Scene Retrieval for Contextual Visual Mapping

Visual navigation localizes a query place image against a reference database of place images, also known as a ‘visual map’. Localization accuracy requirements for specific areas of the visual map, ‘scene classes’, vary according to the context of the environment and task. State-of-the-art visual mapping is unable to reflect these requirements by explicitly targetting scene classes for inclusion in the map. Four different scene classes, including pedestrian crossings and stations, are identified in each of the Nordland and St. Lucia datasets. Instead of re-training separate scene classifiers which struggle with these overlapping scene classes we make our first contribution: defining the problem of ‘scene retrieval’. Scene retrieval extends image retrieval to classification of scenes defined at test time by associating a single query image to reference images of scene classes.
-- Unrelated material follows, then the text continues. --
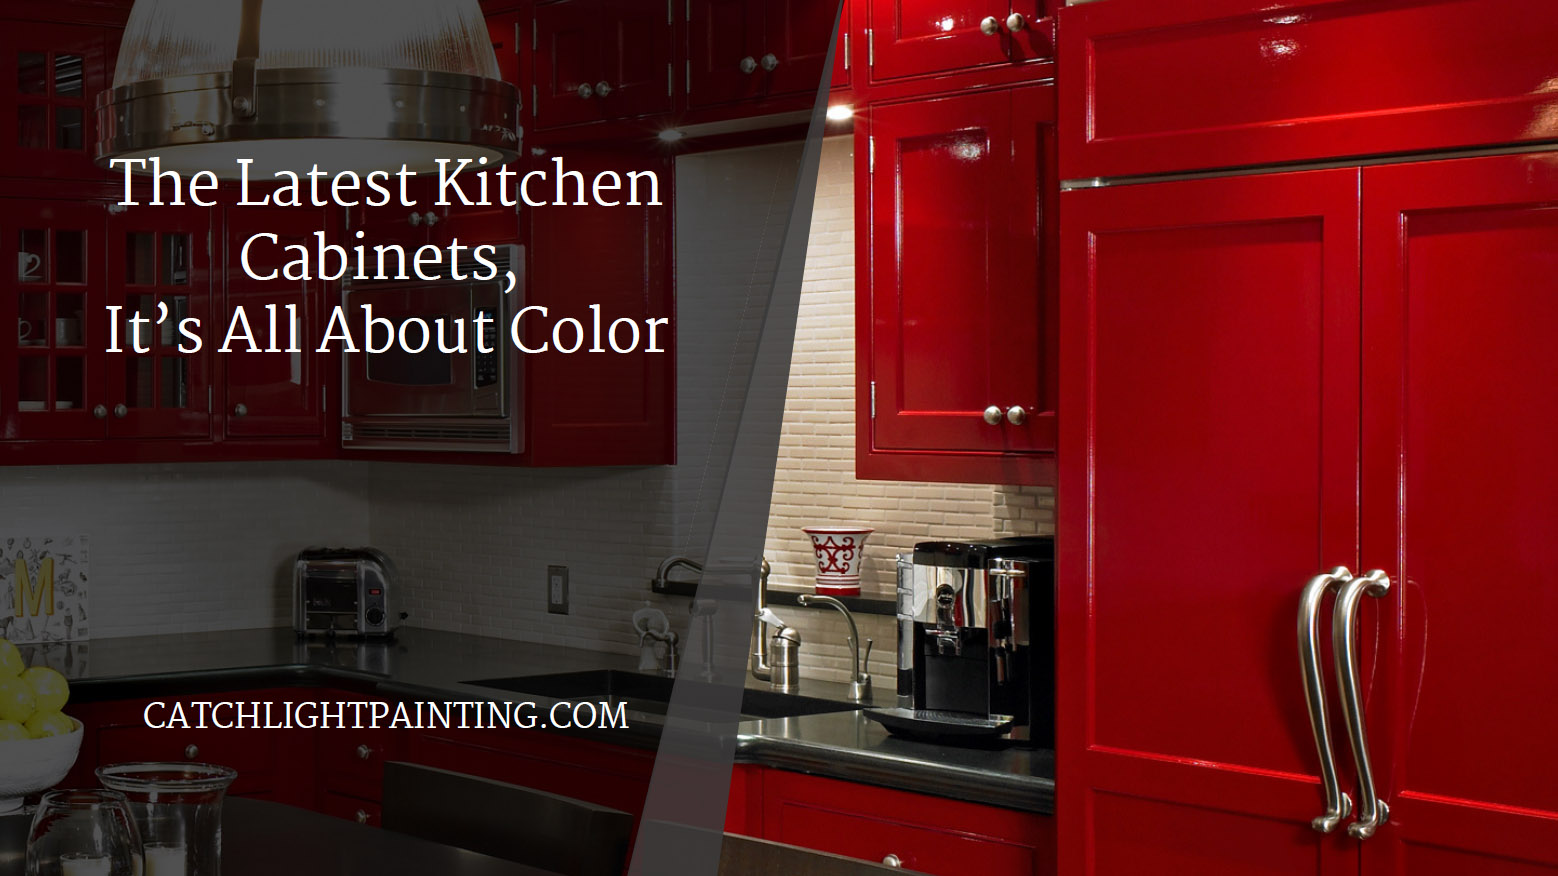 55 Kitchen Cabinet Design Ideas 2020 Unique Kitchen Cabinet Styles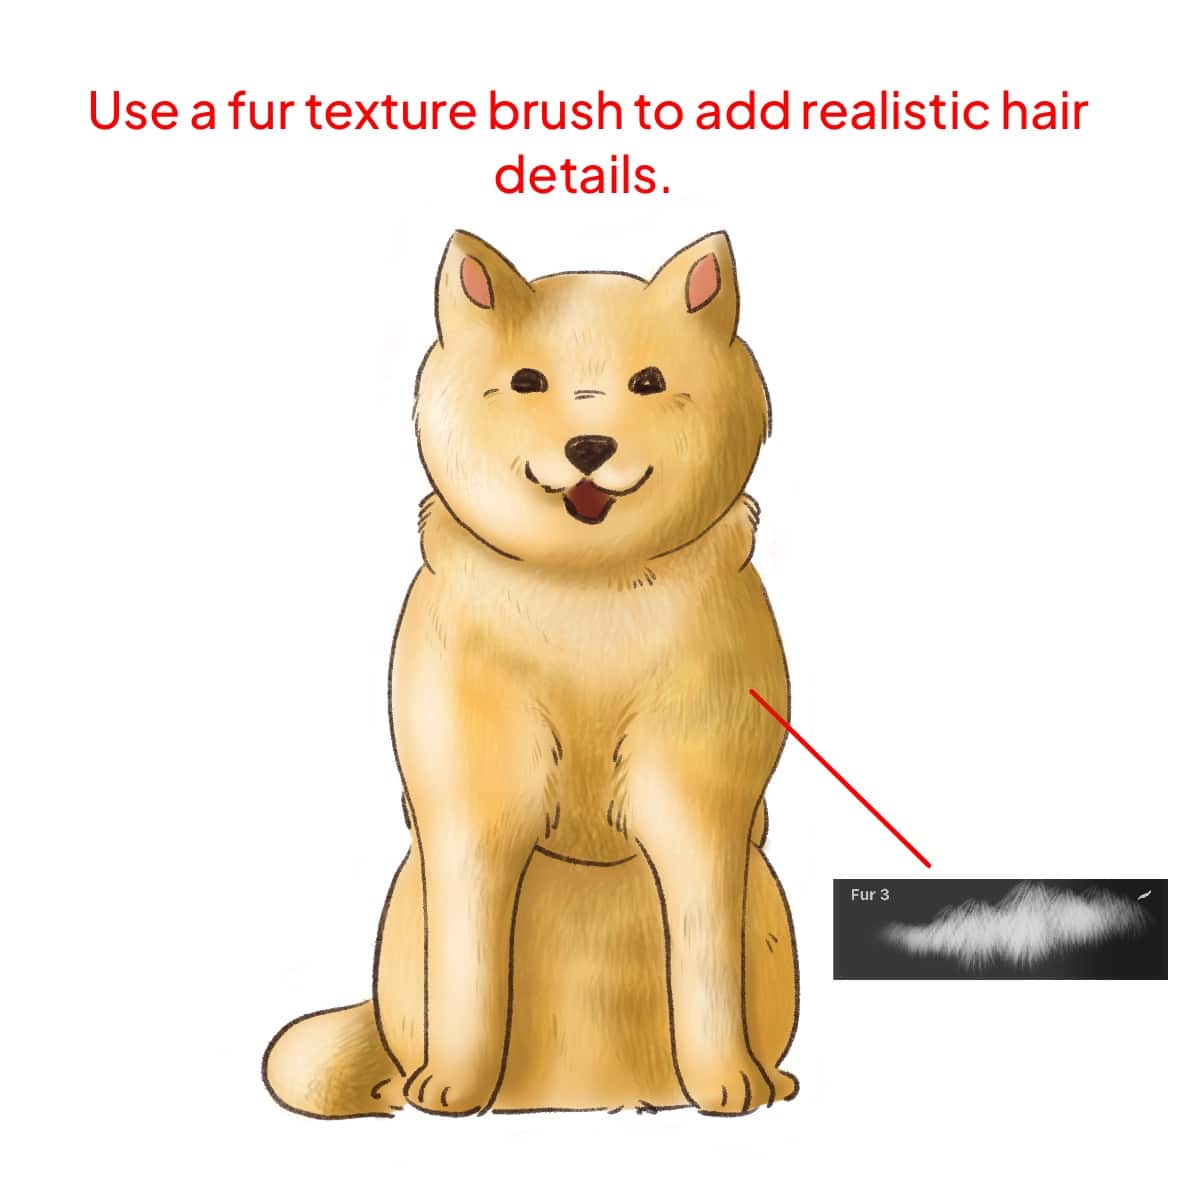 Fur texture brush

Our second contribution is a triplet-trained convolutional neural network (CNN) to address this problem which increases scene classification accuracy by up to 7% against state-of-the-art networks pre-trained for scene recognition. The second contribution is an algorithm ‘DMC’ that combines our scene classification with distance and memorability for visual mapping. Our analysis shows that DMC includes 64% more images of our chosen scene classes in a visual map than just using distance interval mapping. Stateof-the-art visual place descriptors AMOS-Net, Hybrid-Net and NetVLAD are finally used to show that DMC improves scene class localization accuracy by a mean of 3% and localization accuracy of the remaining map images by a mean of 10% across both datasets.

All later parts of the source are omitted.